Task statement → Return the data below unchanged, without images.

Data →
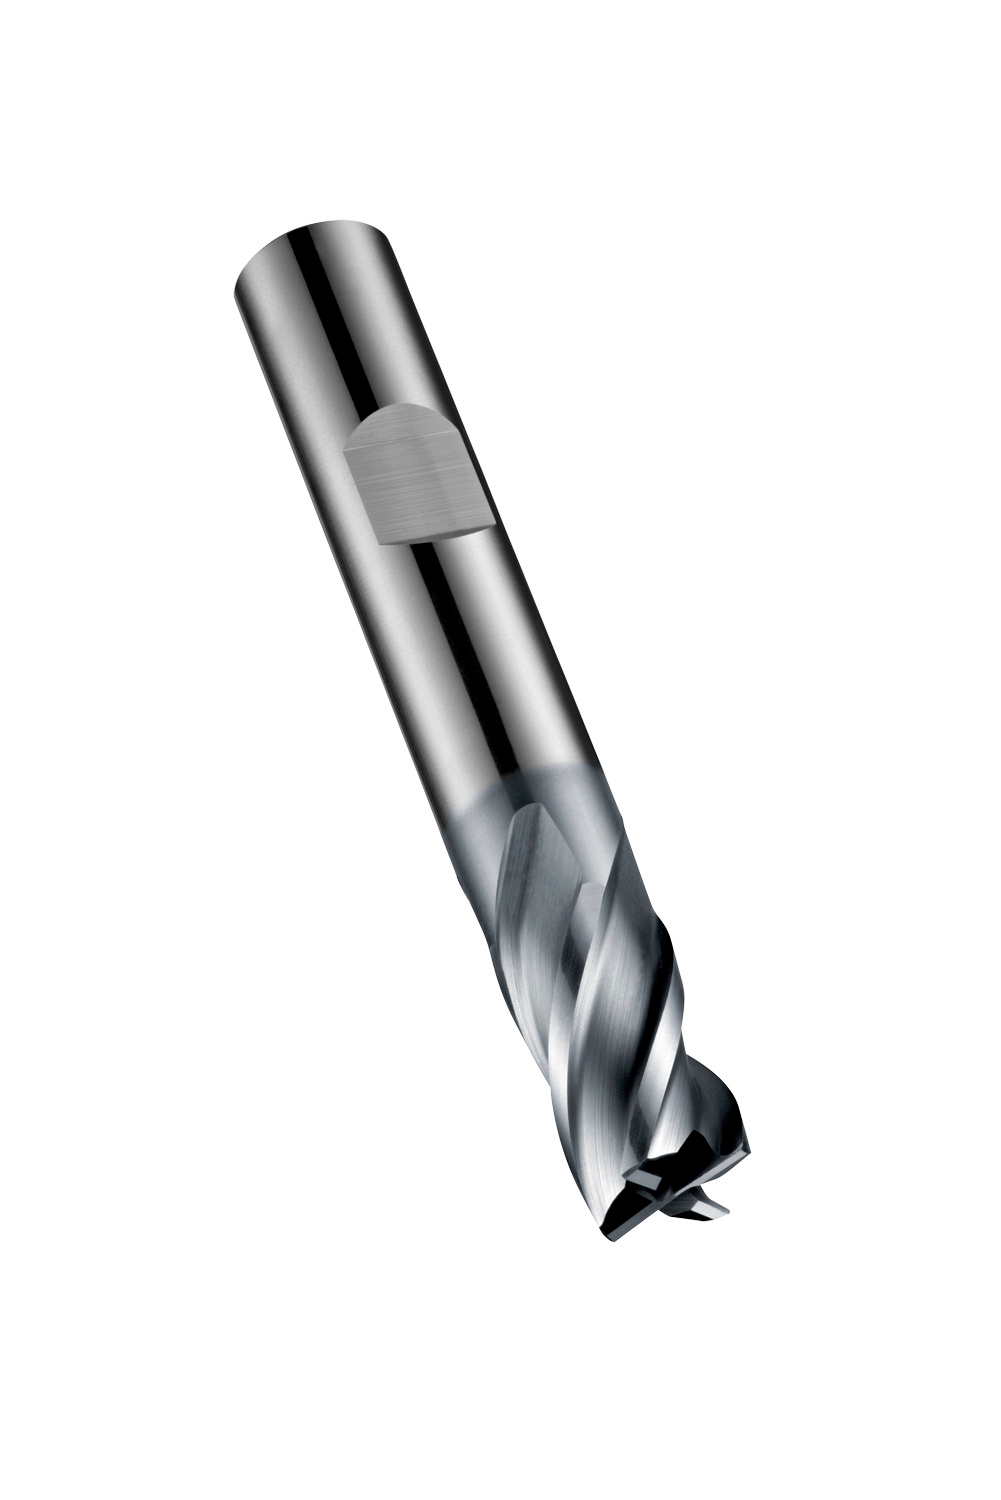 S804HB2.0 - End Mills
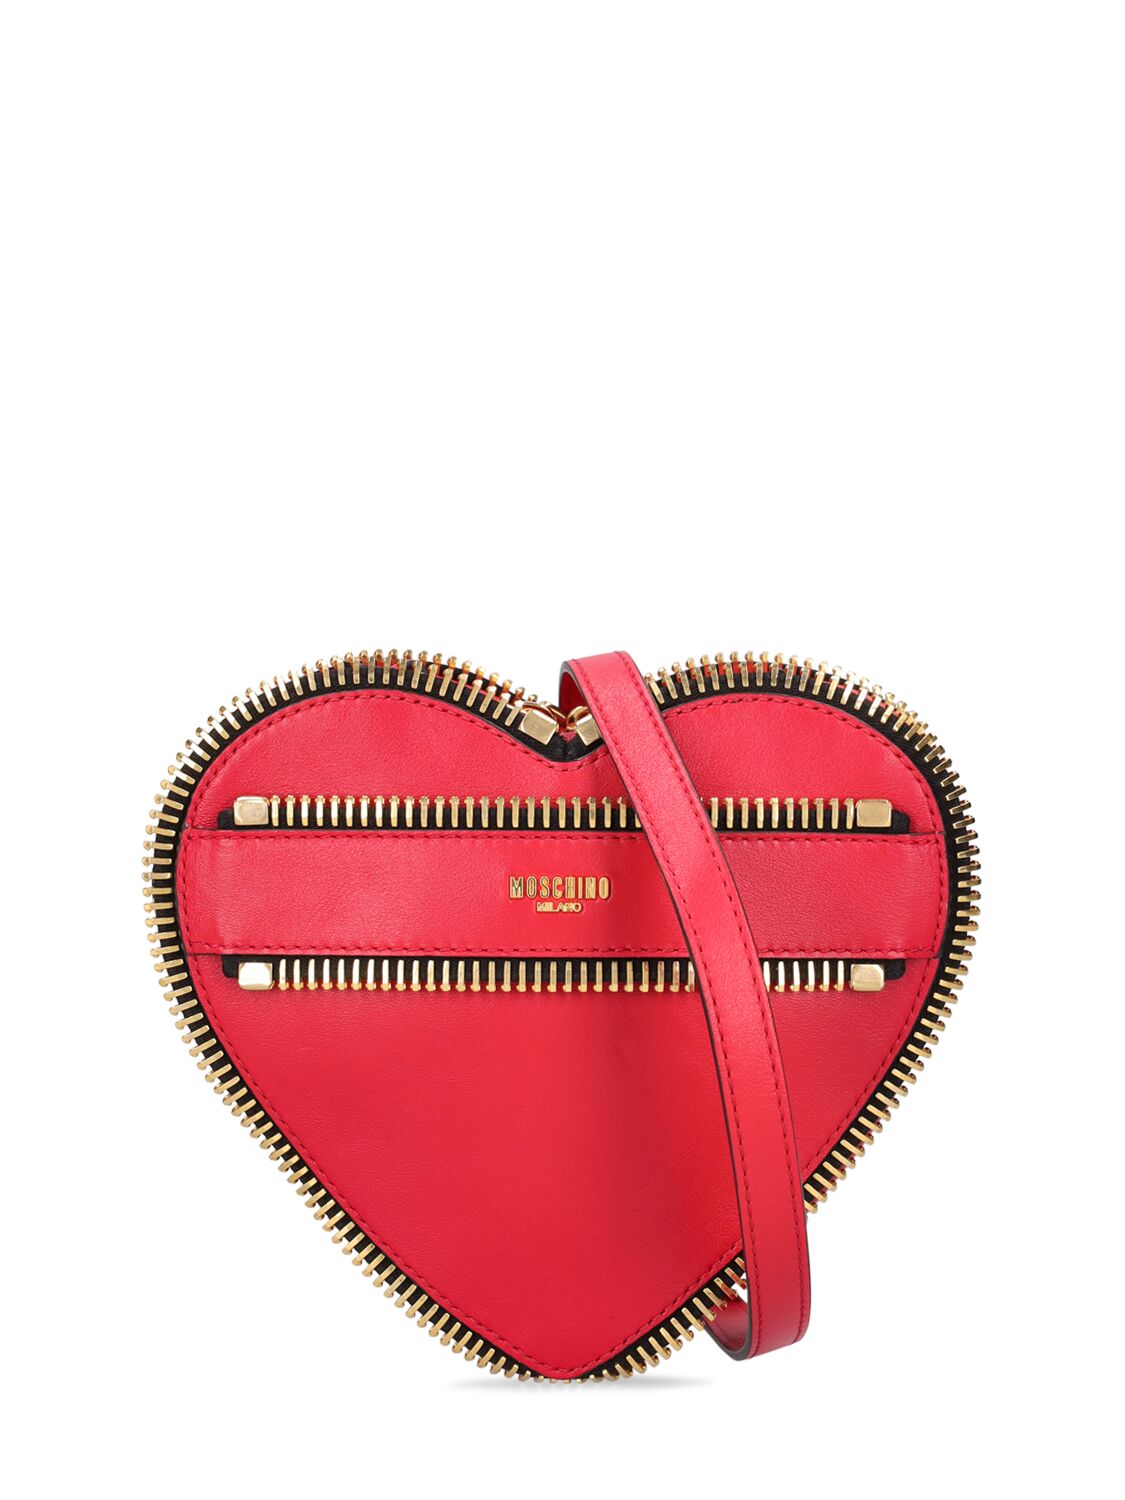 Image of Rider Leather Heart Bag
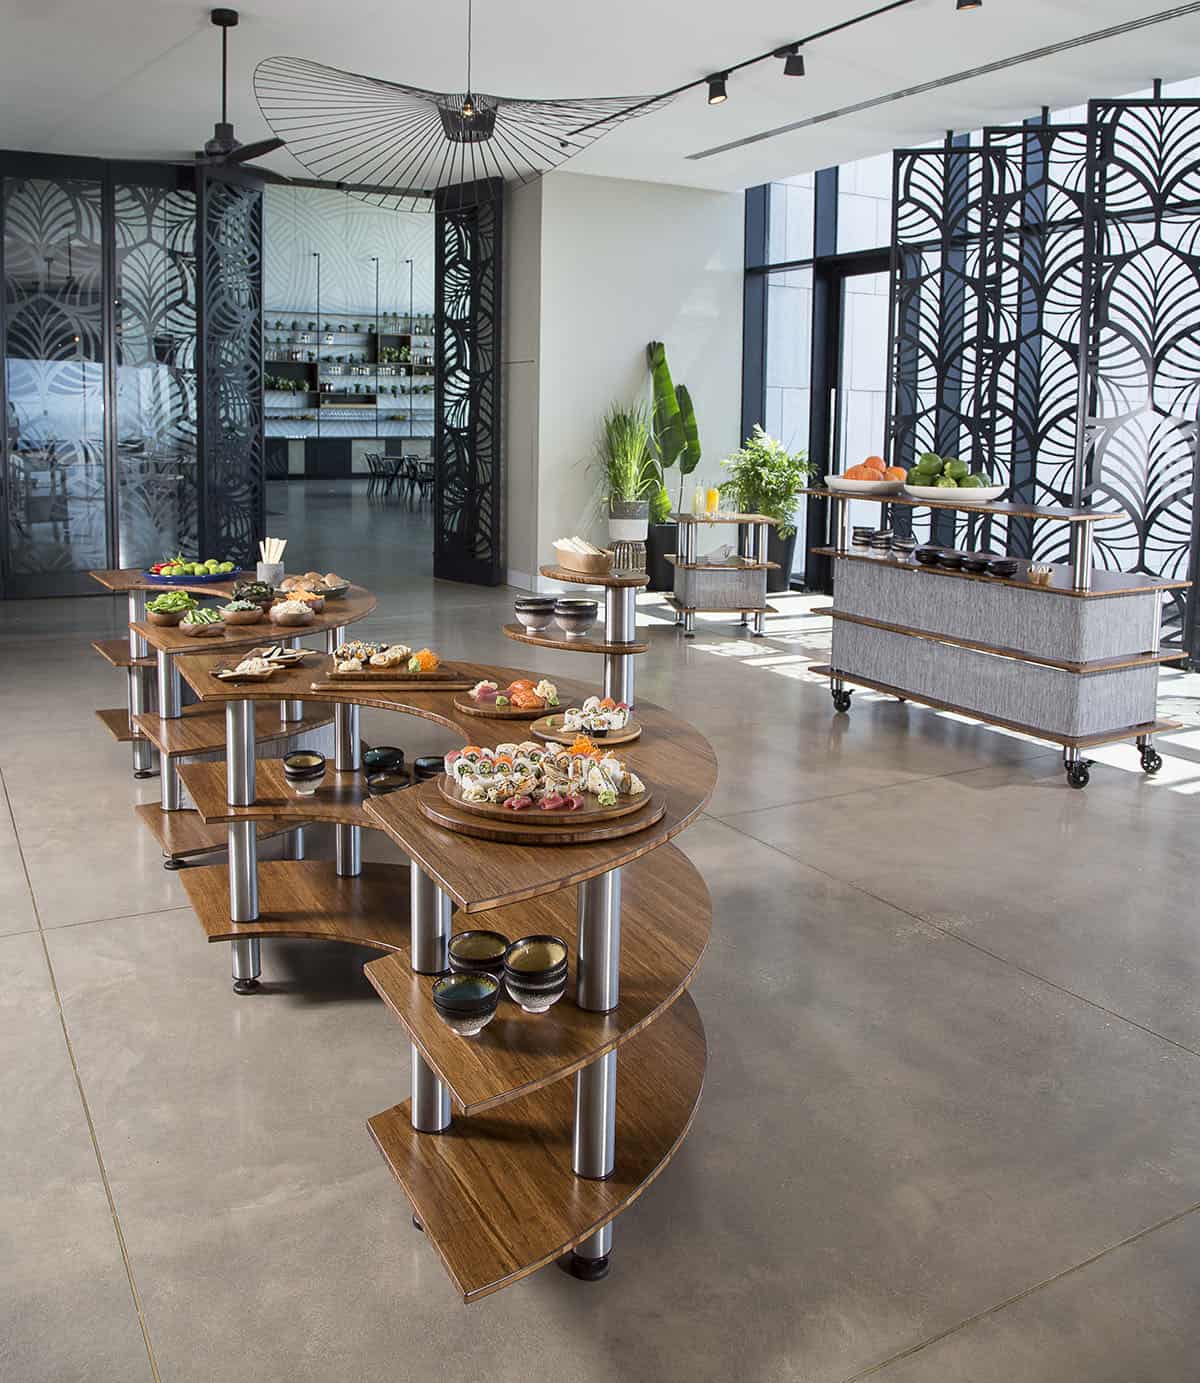 Redefining the Buffet Line With Linenless Banquet Furniture
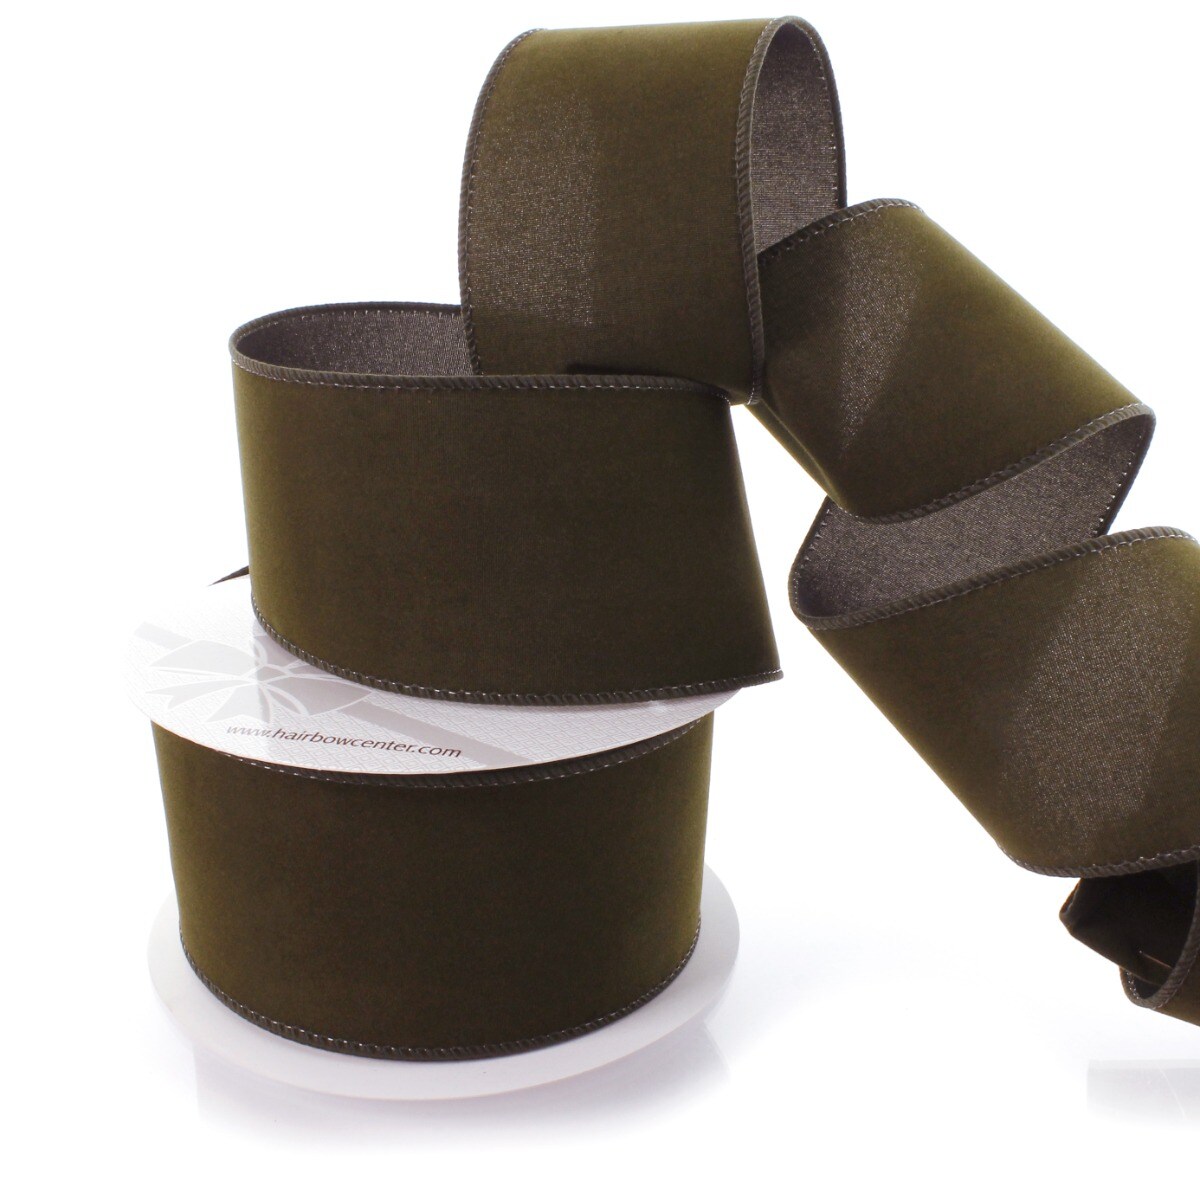 Ribbon Traditions 2.5 Wired Suede Velvet Ribbon Old Gold - 25

The completed task →
 S804HB2.0 - End Mills
 Image of Rider Leather Heart Bag
 Redefining the Buffet Line With Linenless Banquet Furniture
 Ribbon Traditions 2.5 Wired Suede Velvet Ribbon Old Gold - 25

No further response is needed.